Farinella Giovanni Maria, Allegra Dario, Moltisanti Marco, Stanco Filippo, Battiato Sebastiano
Dipartimento di Matematica e Informatica, Viale A. Doria 6, 95125 Catania, Italy.
Comput Biol Med. 2016 Oct 1;77:23-39. doi: 10.1016/j.compbiomed.2016.07.006. Epub 2016 Jul 13.
Automatic food understanding from images is an interesting challenge with applications in different domains. In particular, food intake monitoring is becoming more and more important because of the key role that it plays in health and market economies. In this paper, we address the study of food image processing from the perspective of Computer Vision. As first contribution we present a survey of the studies in the context of food image processing from the early attempts to the current state-of-the-art methods. Since retrieval and classification engines able to work on food images are required to build automatic systems for diet monitoring (e.g., to be embedded in wearable cameras), we focus our attention on the aspect of the representation of the food images because it plays a fundamental role in the understanding engines. The food retrieval and classification is a challenging task since the food presents high variableness and an intrinsic deformability. To properly study the peculiarities of different image representations we propose the UNICT-FD1200 dataset. It was composed of 4754 food images of 1200 distinct dishes acquired during real meals. Each food plate is acquired multiple times and the overall dataset presents both geometric and photometric variabilities. The images of the dataset have been manually labeled considering 8 categories: Appetizer, Main Course, Second Course, Single Course, Side Dish, Dessert, Breakfast, Fruit. We have performed tests employing different representations of the state-of-the-art to assess the related performances on the UNICT-FD1200 dataset. Finally, we propose a new representation based on the perceptual concept of Anti-Textons which is able to encode spatial information between Textons outperforming other representations in the context of food retrieval and Classification.

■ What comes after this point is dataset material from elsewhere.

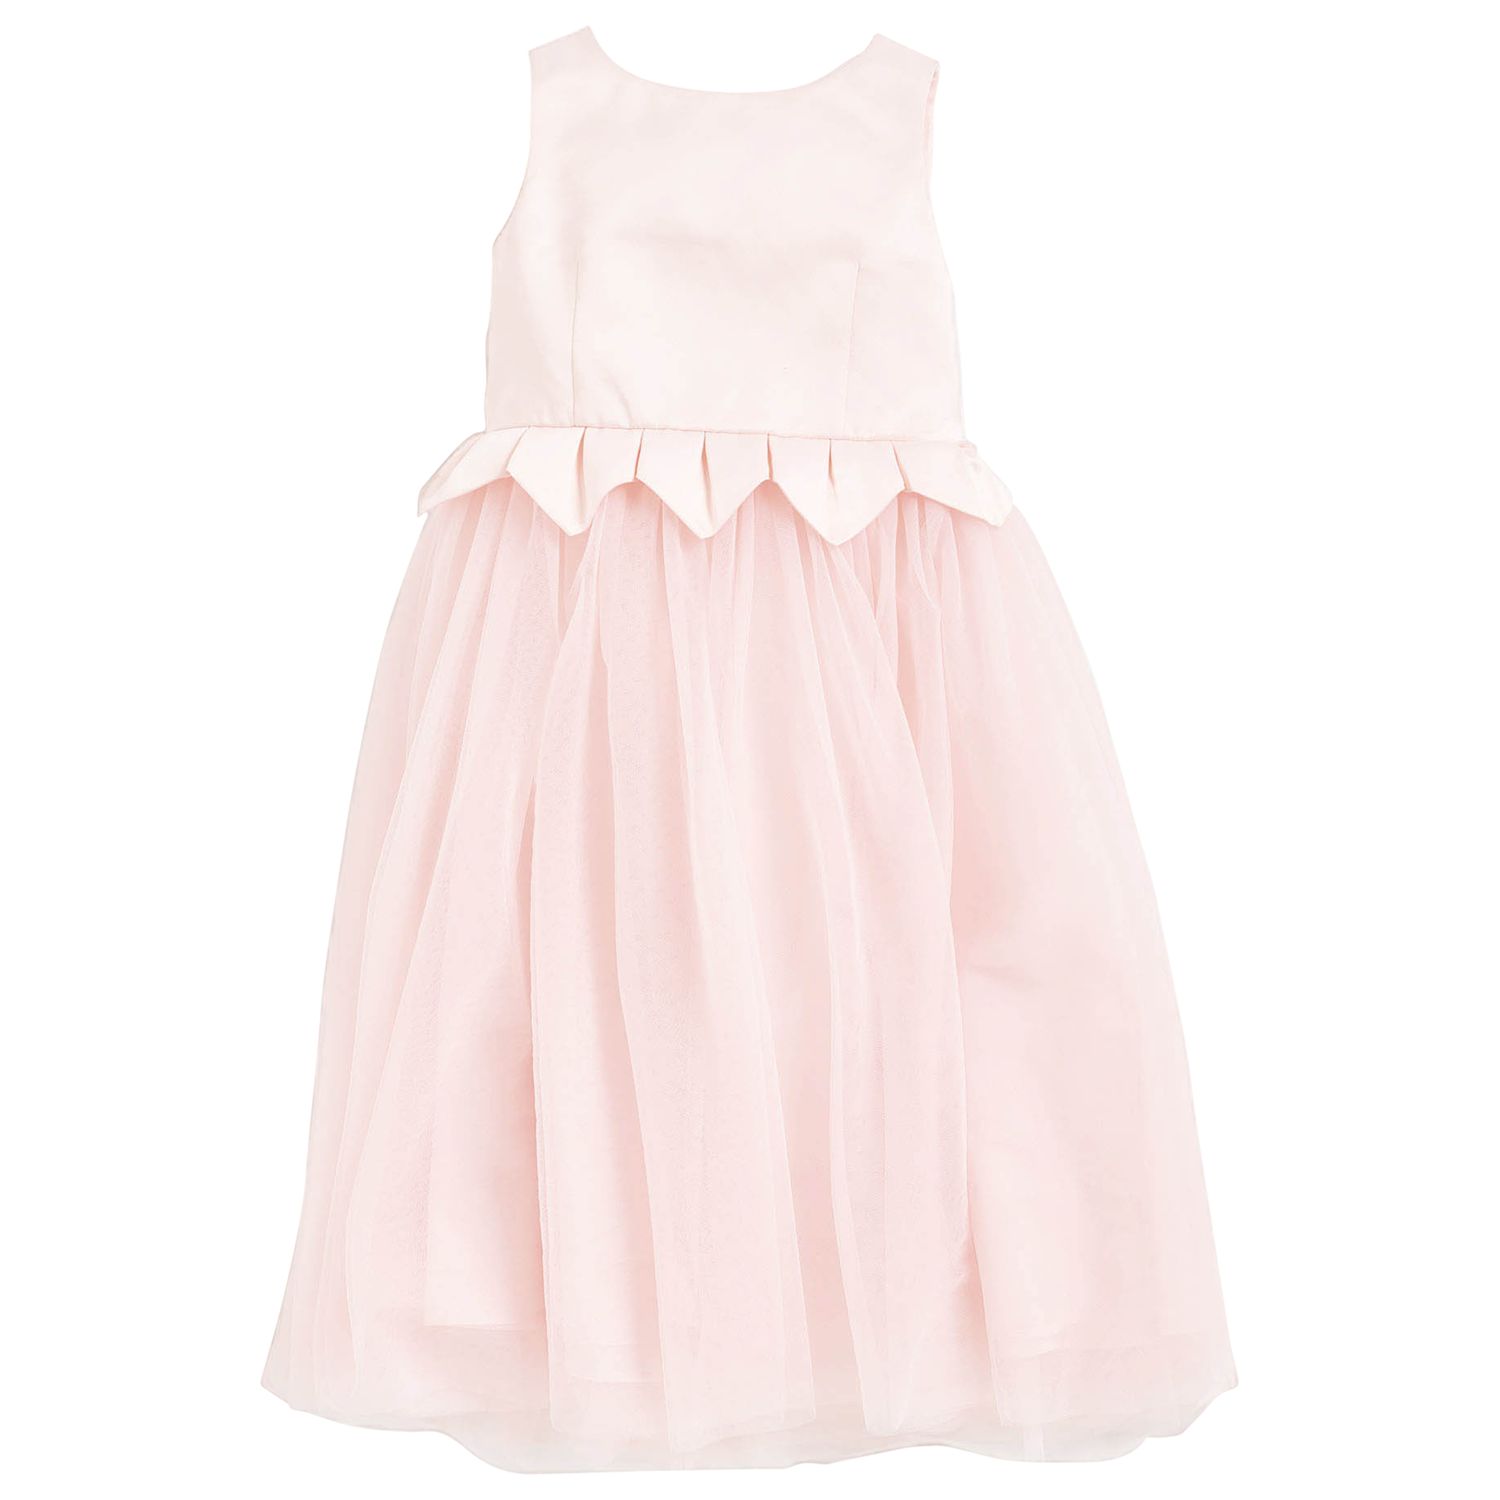 Angel & Rocket Girls' Tulle Skirt Dress, Pink at John Lewis & Partners

从图像中自动理解食物是一个有趣的挑战,在不同领域都有应用。特别是,食物摄入量监测正变得越来越重要,因为它在健康和市场经济中发挥着关键作用。在本文中,我们从计算机视觉的角度探讨食物图像处理的研究。作为第一项贡献,我们对食物图像处理领域的研究进行了综述,涵盖了从早期尝试到当前最先进方法的发展历程。由于构建饮食监测自动系统(例如,嵌入可穿戴相机中)需要能够处理食物图像的检索和分类引擎,我们将注意力集中在食物图像表示方面,因为它在理解引擎中起着基础性作用。食物检索和分类是一项具有挑战性的任务,因为食物具有高度的多样性和内在的可变形性。为了恰当地研究不同图像表示的特性,我们提出了UNICT - FD1200数据集。它由在真实用餐过程中获取的1200种不同菜肴的4754张食物图像组成。每个食物盘都被多次获取,整个数据集呈现出几何和光度方面的变化。数据集中的图像已根据8个类别进行了手动标注:开胃菜、主菜、副菜、单道菜、配菜、甜点、早餐、水果。我们使用了不同的最先进表示方法进行测试,以评估在UNICT - FD1200数据集上的相关性能。最后,我们基于反纹理的感知概念提出了一种新的表示方法,它能够编码纹理元素之间的空间信息,在食物检索和分类方面优于其他表示方法。